For many women, PMS is a nightmare come true. For the uninitiated, Pre-menstrual syndrome (PMS) is a disorder that affects many women around one to two weeks before menstruation begins. During that period a woman feels grouchy, bloated, goes on eating binges, craves for chocolates and suffers a constant irritation with the world in general. This adversely affects the life of women suffering from it and those around her – spouse, children, co-workers, and friends. In fact, severe PMS responses are known to challenge health, change normal routine and impact lifestyle.
While such mood changes have been described at the time of the ancient Greeks, it was Katharina Dalton, a physician and women’s health pioneer, who first identified this disruptive cyclic phenomenon. Her classic book, Once A Month, set the standard for the many books and PMS studies.
Dr Arti Luthra, Gynaecologist and private practitioner says, “PMS is a very common disorder among women in the age group of 30 to 40 years. Unfortunately, there is little awareness about the problem or its causes and effects. While I have patients from the upper strata of society, there is little awareness among the lower economic groups. With an increase in awareness, more women should come to the doctors to find a solution instead of suffering silently. Besides, her family would also treat her with more consideration.”
Symptoms of PMS can include any or all of these:
The physical responses to PMS can also be caused by a problem known as endometriosis, a condition most likely caused by a hormone imbalance in which tissue that looks and acts like the lining of the uterus is found outside of the uterus in the pelvis. At menstruation, this tissue bleeds lightly. The blood irritates nearby tissue and causes pain.
Most experts agree that PMS has something to do with the imbalance of estrogen and progesterone in the latter part of the menstrual cycle, the adrenal hormones that control water retention, and also mood influencing chemical substances in the brain.
There is new evidence showing that low levels of serotonin, an important chemical produced by the brain, may in fact be the major cause of PMS responses. Serotonin helps regulate sleep cycles and carbohydrate metabolism and influences the regulation of estrogen and progesterone. Women with PMS tend to have low and varying levels of serotonin – a condition that can cause early or delayed ovulation and trigger an imbalance of estrogen and progesterone.
The bottom line is that low serotonin affects ovulation, and a “less than perfect ovulation” lowers levels of serotonin in the brain, leading to the vicious cycle known as PMS.
An article in the New England Journal of Medicine found that women who suffer from PMS were also often found to have a subtle low thyroid condition. This condition can be uncovered by specialized testing, and management of a low thyroid condition can alleviate PMS responses
Taking Control of PMS
The first step involves keeping a menstrual diary and recording their physical discomfort and emotional upheavals as and when they occur by ranking them on a scale of 01 to 10, Keeping a record continuously for 3 months would help track your PMS.

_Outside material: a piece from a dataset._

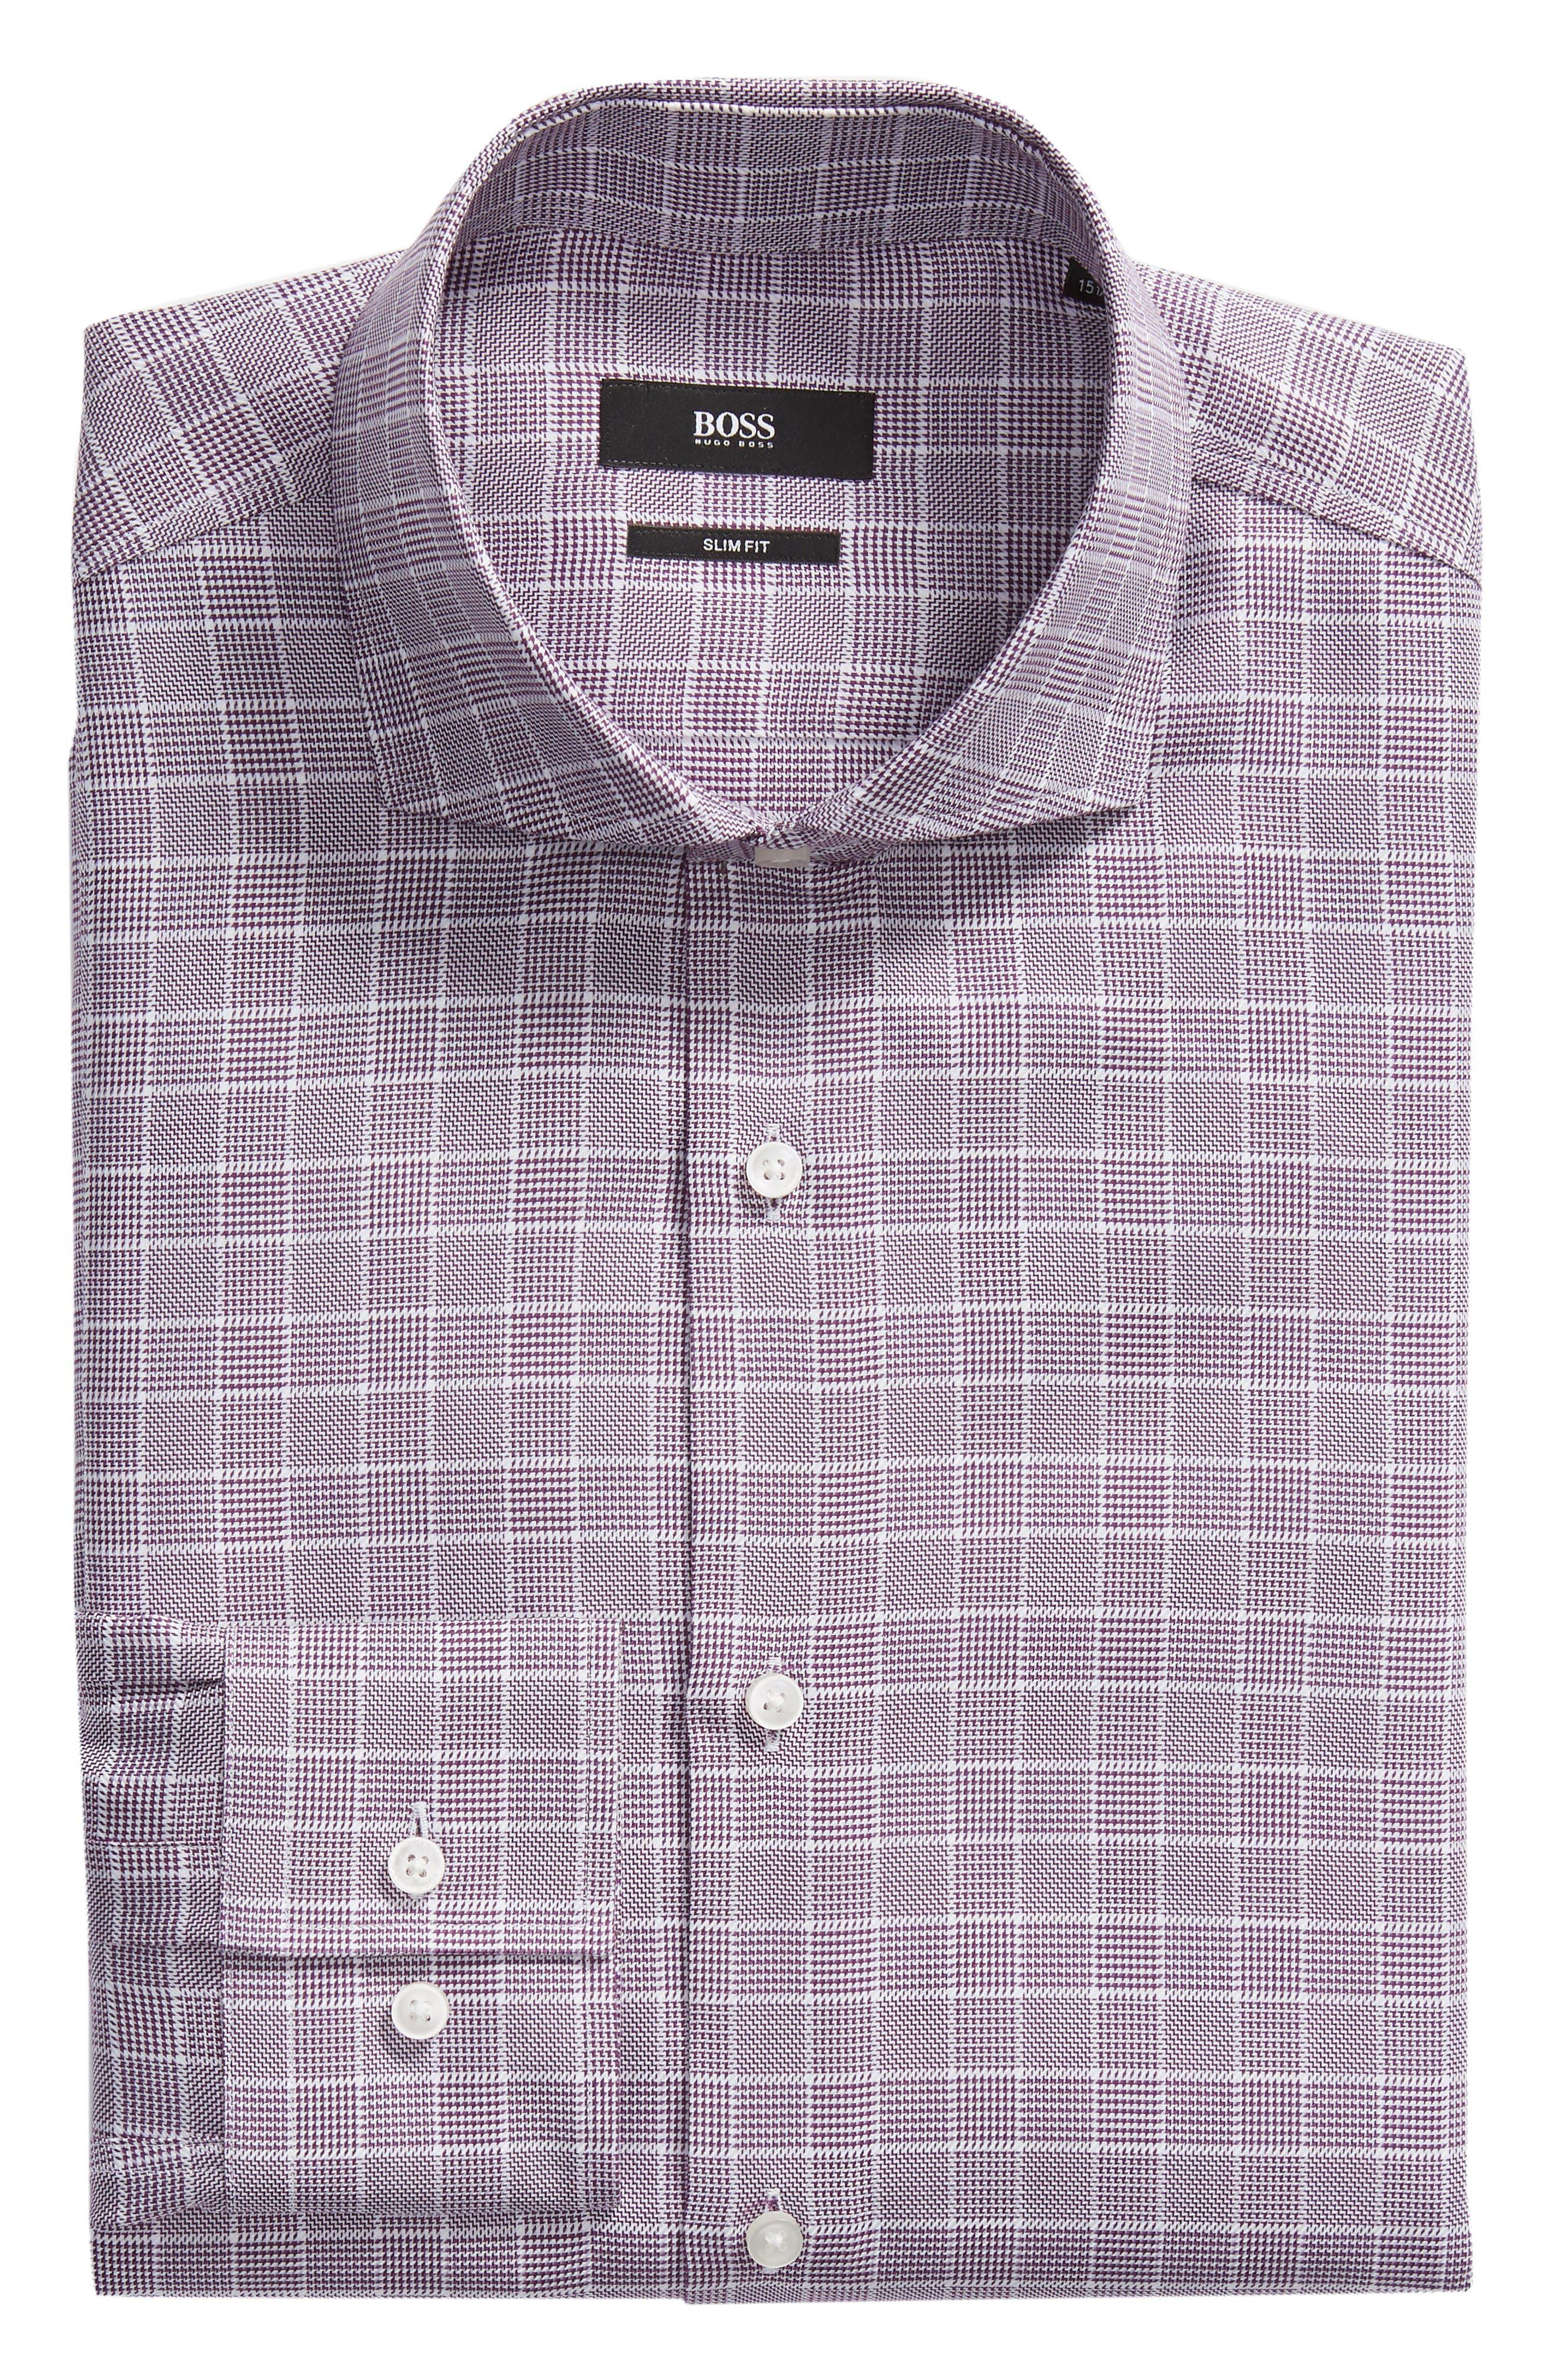 Jason Slim Fit Plaid Dress Shirt,                             Alternate thumbnail 5, color,                             504 PURPLE
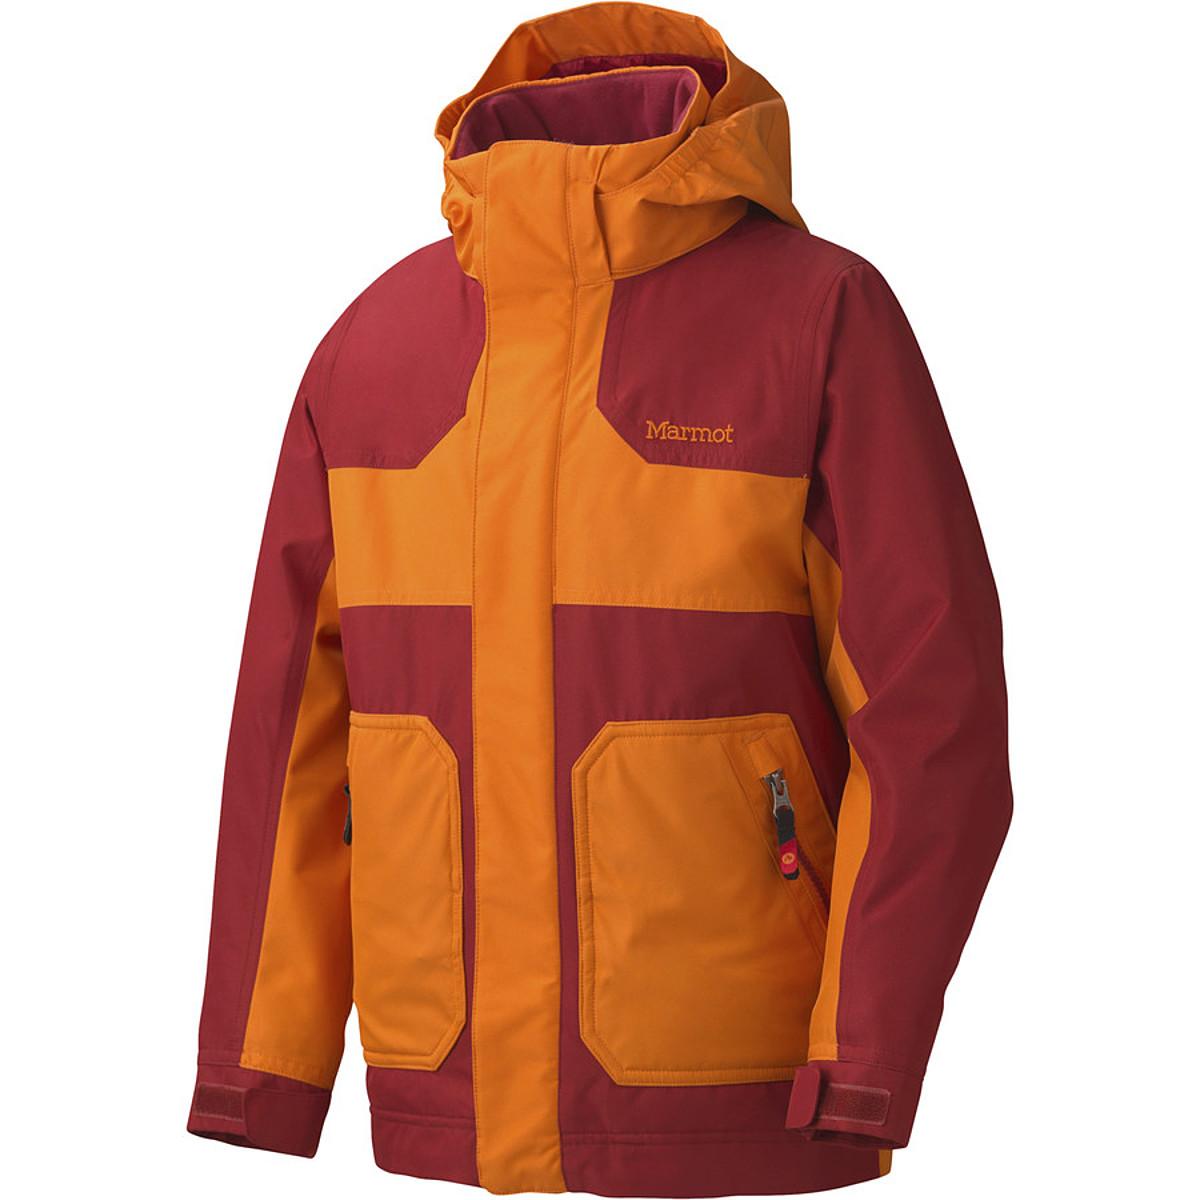 Marmot Storm Rider Jacket

While Dr Arti Luthra has found Pyrodoxine and Evening Primrose oil helpful while treating her patients, many Vitamins and supplements are effective in alleviating PMS symptoms.
For many females with PMS, prescription medications are very effective in the management of individual responses.
PMS is something that a woman and her family will have to live with. There will always be good, better and best days, but by taking control of PMS and learning how to live life out from under the black cloud of PMS, it is very possible to learn how to feel better all month long.